▶ _Records shown_

Start of Block

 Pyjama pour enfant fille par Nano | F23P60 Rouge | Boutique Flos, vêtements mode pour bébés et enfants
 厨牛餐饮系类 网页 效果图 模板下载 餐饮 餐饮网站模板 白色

End of Block
Start of Block

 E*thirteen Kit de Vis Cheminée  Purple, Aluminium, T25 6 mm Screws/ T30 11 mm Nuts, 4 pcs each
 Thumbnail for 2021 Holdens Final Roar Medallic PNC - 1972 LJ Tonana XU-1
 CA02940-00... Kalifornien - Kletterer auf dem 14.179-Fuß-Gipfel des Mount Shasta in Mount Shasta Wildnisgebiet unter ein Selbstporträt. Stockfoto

End of Block

Copy the lines above exactly. Start with the line containing "Pyjama pour enfant", end with the line containing "厨牛餐饮系类 网页 效果图 模板下载 餐饮 餐饮网站模板 白色", and include both.

 Pyjama pour enfant fille par Nano | F23P60 Rouge | Boutique Flos, vêtements mode pour bébés et enfants
 厨牛餐饮系类 网页 效果图 模板下载 餐饮 餐饮网站模板 白色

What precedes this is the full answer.